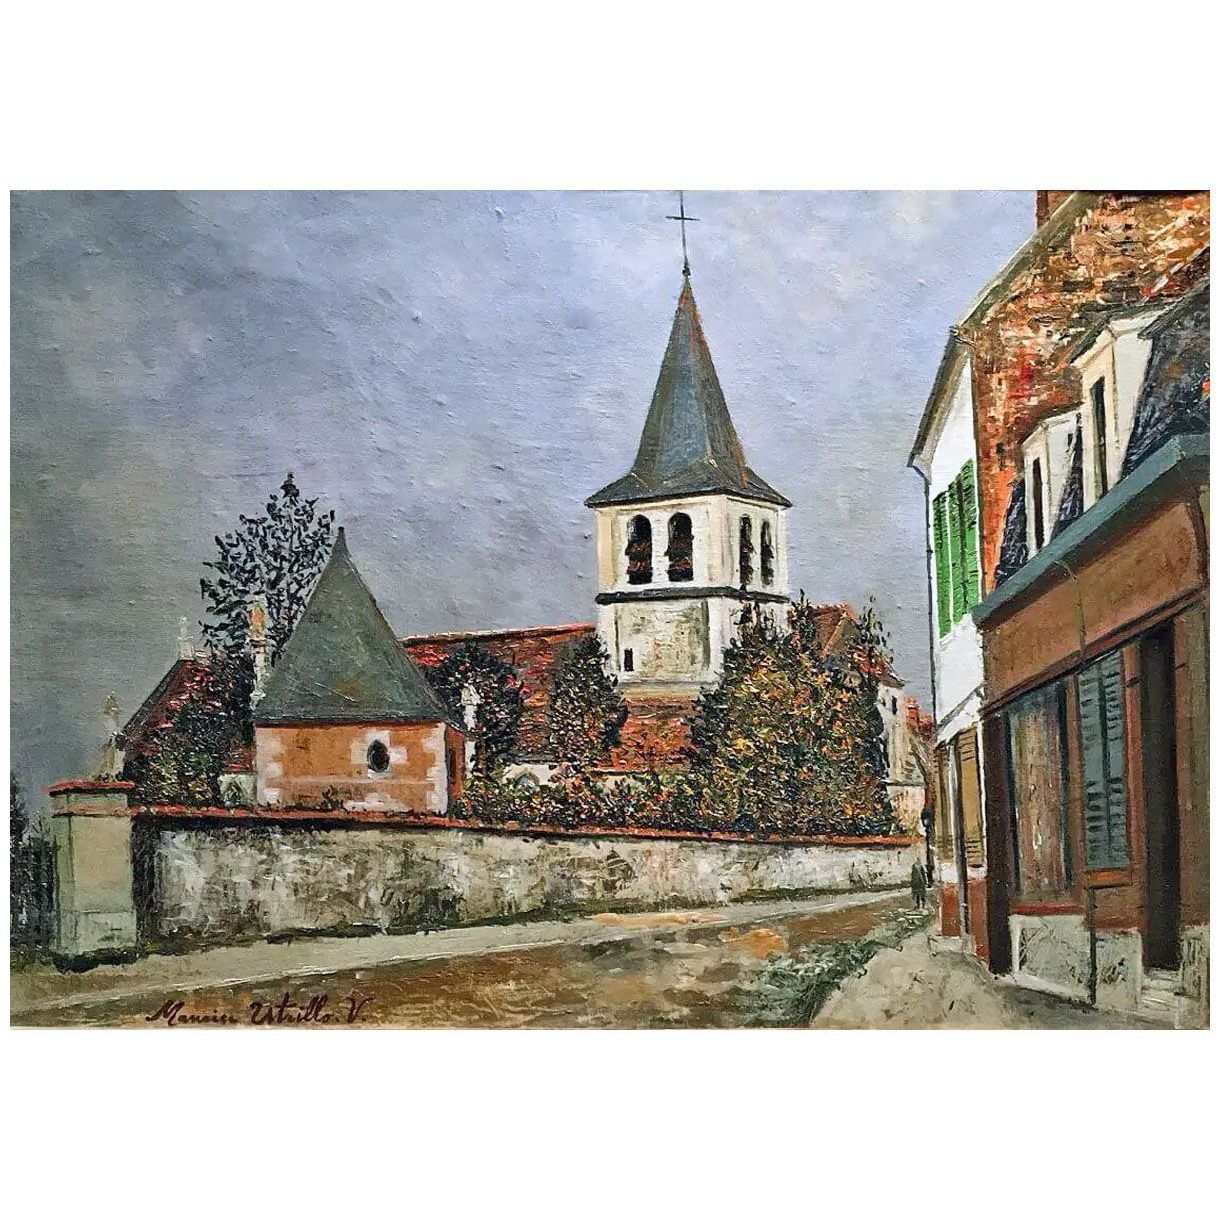 Maurice Utrillo. Eglise dans un faubourg de Paris. 1909. Netter collection Paris
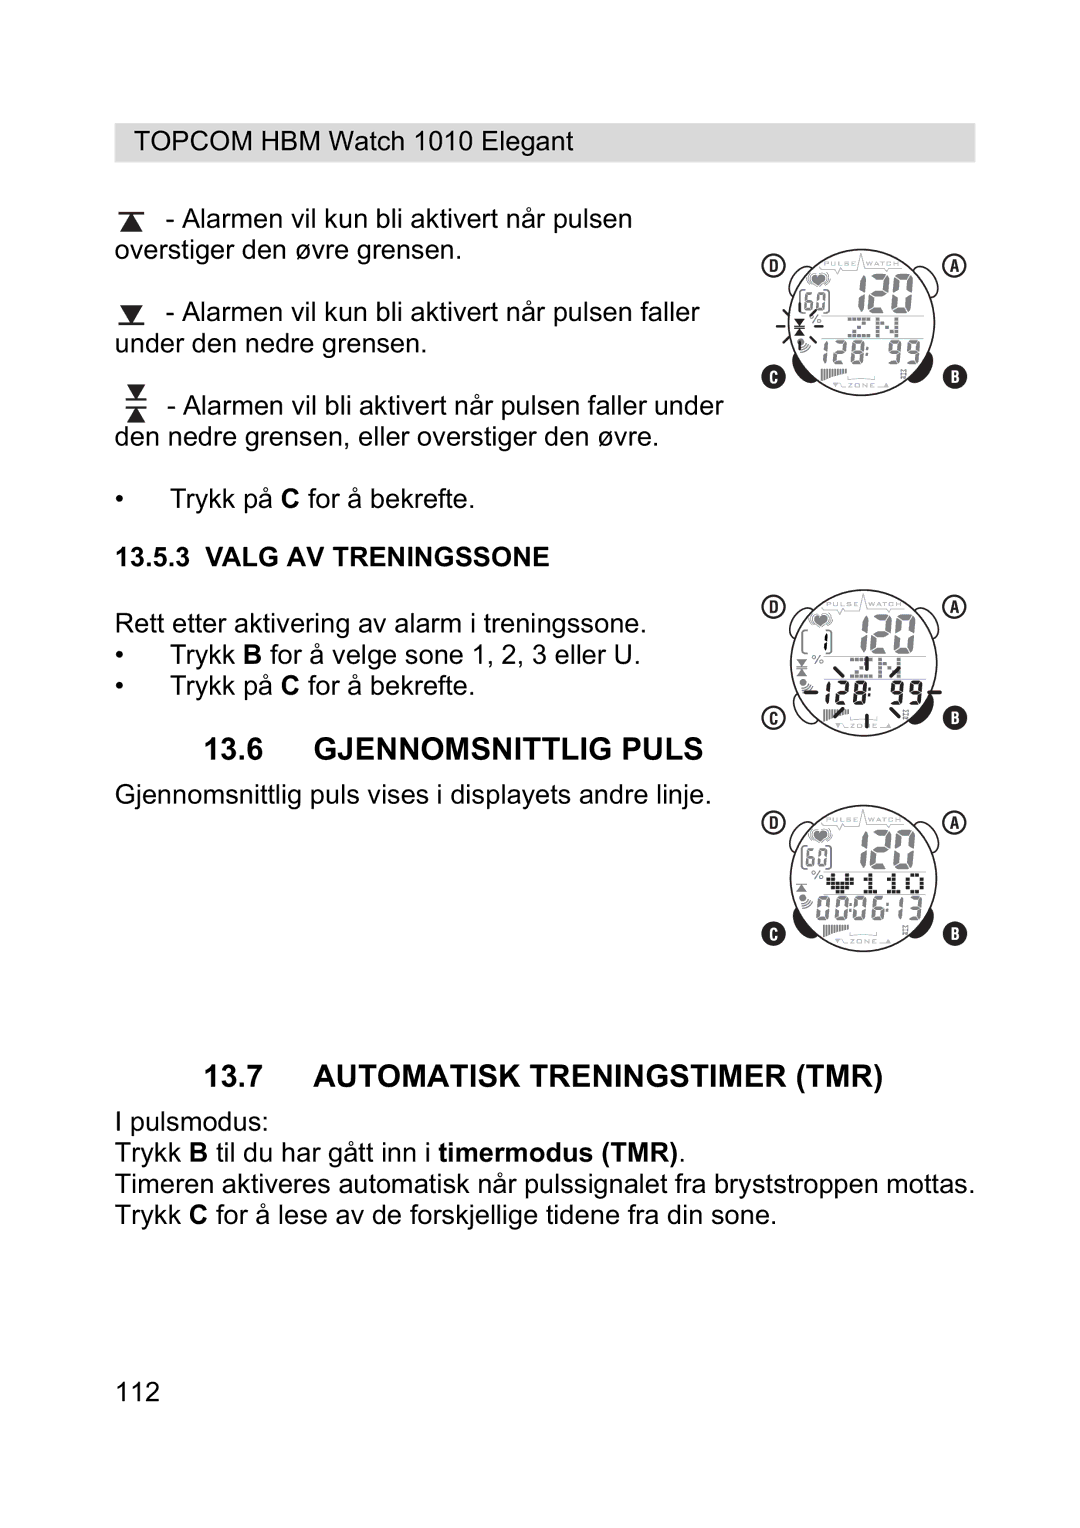 Topcom 1010 Elelgant manual Gjennomsnittlig Puls, Automatisk Treningstimer TMR, Valg AV Treningssone 
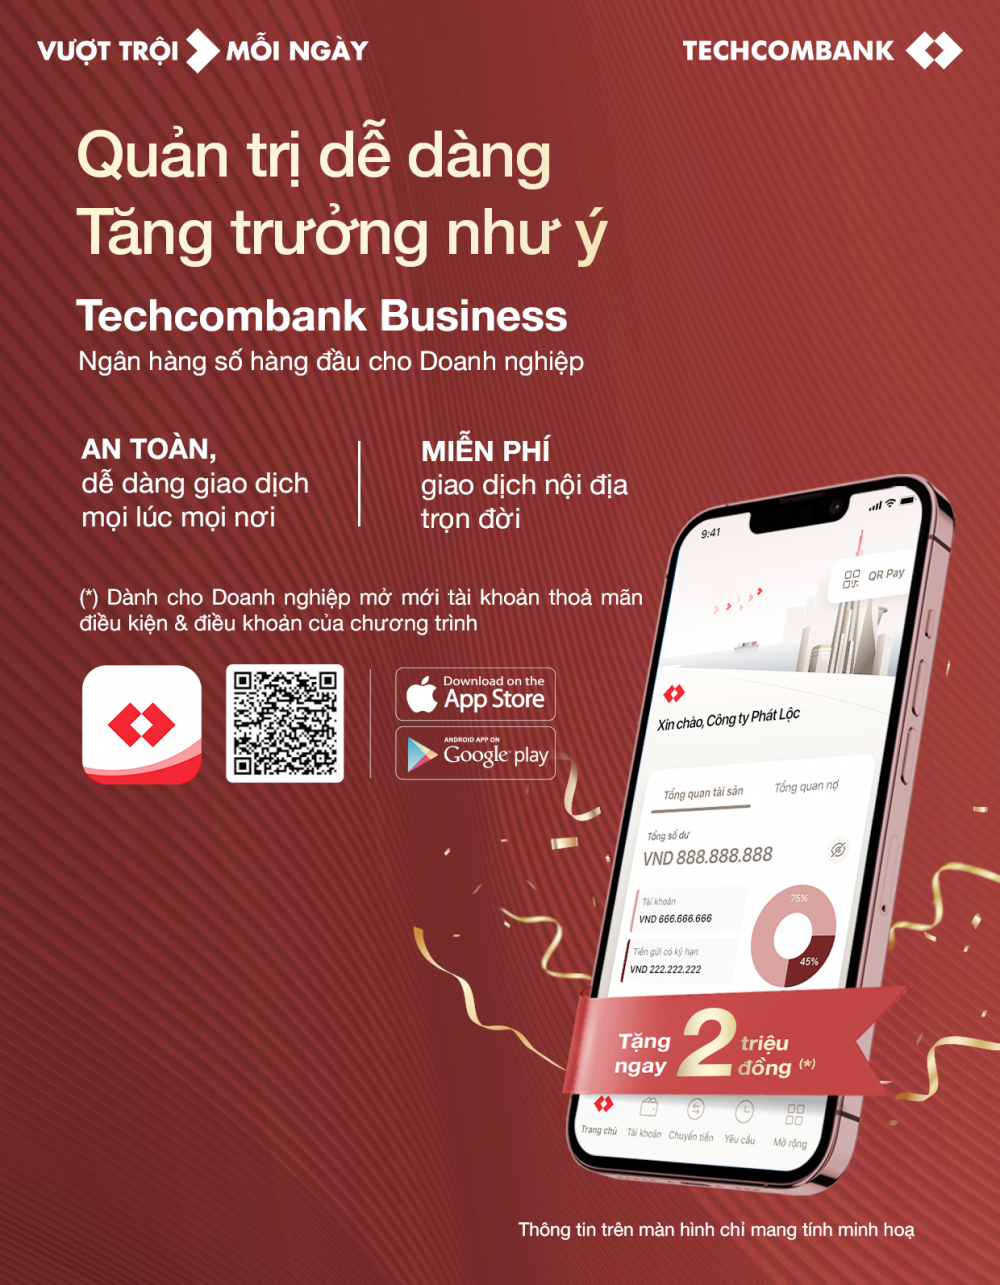 Techcombank: Chính thức ra mắt ngân hàng số dành cho doanh nghiệp

■ Directions for this task: Omit every picture, then reproduce the rest of the listing exactly.

■ Response area:
 Maurice Utrillo. Eglise dans un faubourg de Paris. 1909. Netter collection Paris
 Topcom 1010 Elelgant manual Gjennomsnittlig Puls, Automatisk Treningstimer TMR, Valg AV Treningssone 
 Techcombank: Chính thức ra mắt ngân hàng số dành cho doanh nghiệp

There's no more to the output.